◆ **Task material**:
━━━━━━
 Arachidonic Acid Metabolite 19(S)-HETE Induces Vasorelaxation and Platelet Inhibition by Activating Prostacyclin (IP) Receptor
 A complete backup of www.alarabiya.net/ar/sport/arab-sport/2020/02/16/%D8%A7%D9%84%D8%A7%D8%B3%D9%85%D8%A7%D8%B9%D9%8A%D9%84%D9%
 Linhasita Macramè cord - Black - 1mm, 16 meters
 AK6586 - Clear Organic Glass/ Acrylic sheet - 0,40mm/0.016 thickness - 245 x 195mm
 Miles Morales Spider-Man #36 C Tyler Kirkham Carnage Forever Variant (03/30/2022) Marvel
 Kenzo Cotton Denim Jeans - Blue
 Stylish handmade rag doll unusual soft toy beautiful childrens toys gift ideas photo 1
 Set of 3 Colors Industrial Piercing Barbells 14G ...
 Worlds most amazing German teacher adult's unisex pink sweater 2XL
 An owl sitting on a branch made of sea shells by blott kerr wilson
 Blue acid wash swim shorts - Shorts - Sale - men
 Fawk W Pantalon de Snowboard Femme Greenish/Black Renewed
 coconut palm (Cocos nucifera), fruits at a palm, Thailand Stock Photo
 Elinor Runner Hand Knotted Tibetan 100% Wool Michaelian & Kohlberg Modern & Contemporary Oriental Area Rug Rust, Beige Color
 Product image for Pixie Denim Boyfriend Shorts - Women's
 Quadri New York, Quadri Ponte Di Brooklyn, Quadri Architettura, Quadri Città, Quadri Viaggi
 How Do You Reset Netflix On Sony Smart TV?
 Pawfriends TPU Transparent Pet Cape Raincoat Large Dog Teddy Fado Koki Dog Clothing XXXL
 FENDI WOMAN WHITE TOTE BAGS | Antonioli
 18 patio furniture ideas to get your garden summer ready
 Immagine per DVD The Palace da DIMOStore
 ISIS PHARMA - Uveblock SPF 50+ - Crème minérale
━━━━━━
◆ **What the exercise asks**:
For this exercise, copy each line from the listing above that has the word "Black".

◆ **Answer section**:
 Linhasita Macramè cord - Black - 1mm, 16 meters
 Fawk W Pantalon de Snowboard Femme Greenish/Black Renewed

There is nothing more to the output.